I’m just going to scan through the highest level of things. Those four channels: production, consumption, exports and just the whole idea of growth or slowth are your top of mind considerations when you think about, what’s the impact of digital economically? But I want you to consider that it also can transform ownership and the transformation of ownership will also transform value generation. Really that largely depends on whether we’re talking about who is it that owns what? If you are talking about something that is very highly competitive globally, one set of things can happen but if there’s a very small number of players that are involved in the delivery of the digital service, something else entirely could happen in terms of our being price-takers. That’s the way economies work.

The other major takeaway for me in doing this work was how much digital technologies work in two directions at once. They actually help price discovery occur more quickly which tends to stabilize prices, but they also facilitate lots of players moving in and out of a market very quickly and that destabilizes prices. What happens at any given moment is the net of those two things. Also the growth in things like blockchain and distributed ledgers is really potentially destabilizing for the major trust institutions like banks and the Bank of Canada in particular. Sovereign currency issuers are all looking at these issues. I urge you to take a look at that. I’m going to just say that we do GDP policy, we do growth policy, we do economic policy based on three major indicators. There are others of course but the three ones that monetary policy and fiscal policy look at are these three and digital technology blurs the interpretive function of those three macro economic indicators. Again, I urge you to look at that section. All of these are like two-pagers.

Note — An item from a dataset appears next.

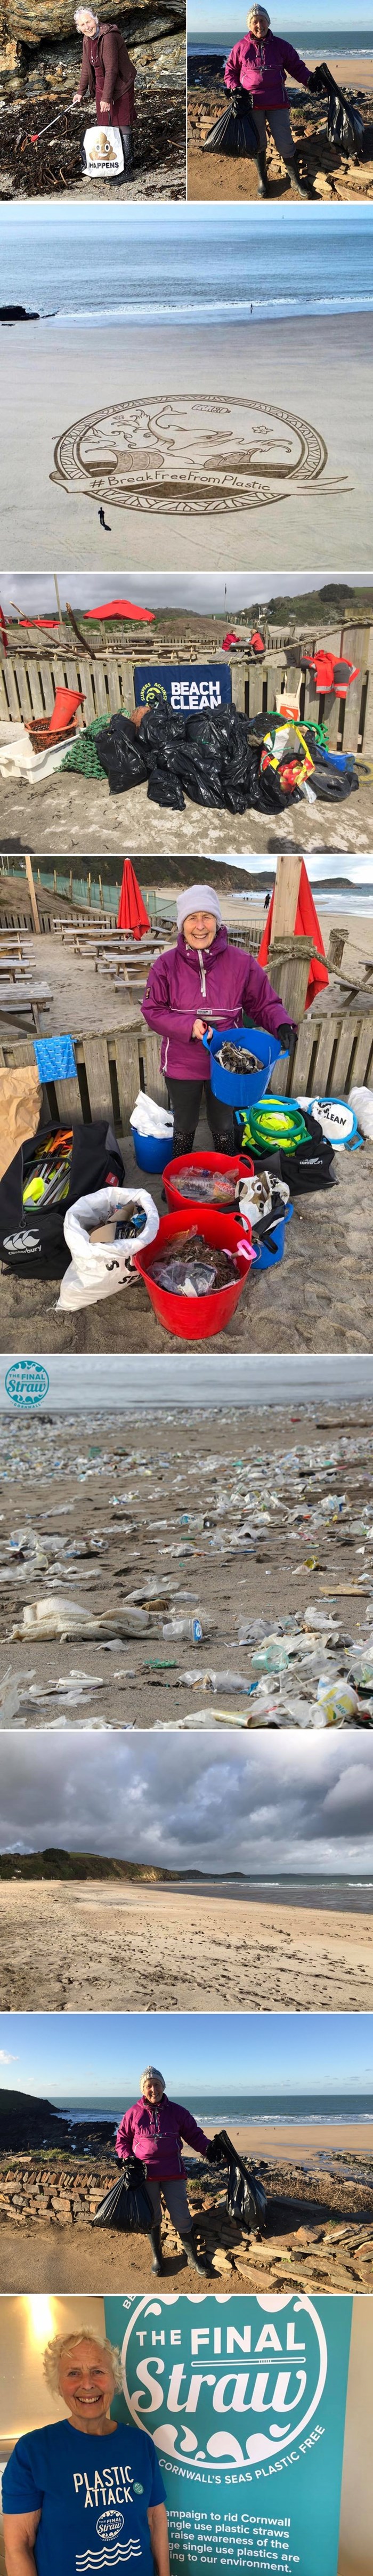 70-godišnja baka je u godinu dana očistila 52 plaže i dokazala da je uz malo truda prirodu moguće spasiti

Finally, if you don’t have reliable macro economic indicators, if you’re missing a lot of information of what’s going on in real time, unclear if it’s more or less true to reality than it was in the past but certainly more questions are being raised about how much do these indicators reflect what is actually going on in time. Then it becomes harder to introduce trusted public policies. The last point I will say is we’re swimming in a sea of data but there’s less public utility of that. The people that are using the data are private sector more so than public sector and that raises a huge challenge to all of us to actually make use of the revolution that is underway.

Just to summarize, demand destruction is possible but that doesn’t mean we will be worse off. Digital technologies tend to be deflationary but what prices fall first matters, whether it’s the price of goods and services or the price of labour. Thirdly, that the impact of these technologies will not happen the same everywhere for everyone, so we need to be very sensitive to who are winners and who are losers, both as consumers and as workers because those two sets of interest are sometimes antithetical to one another. Finally, it is getting very hard to do good public policy even though we are swimming in more and more data. One of the takeaways for me from all of this is if you keep your eye on the prize and try and minimize negative effects and maximize positive effects from the bottom up, you will be offsetting a lot of the problems down the road.

I want to thank you for inviting me to present to you but I also want to thank Policy Horizons for looking around the corner for all of us.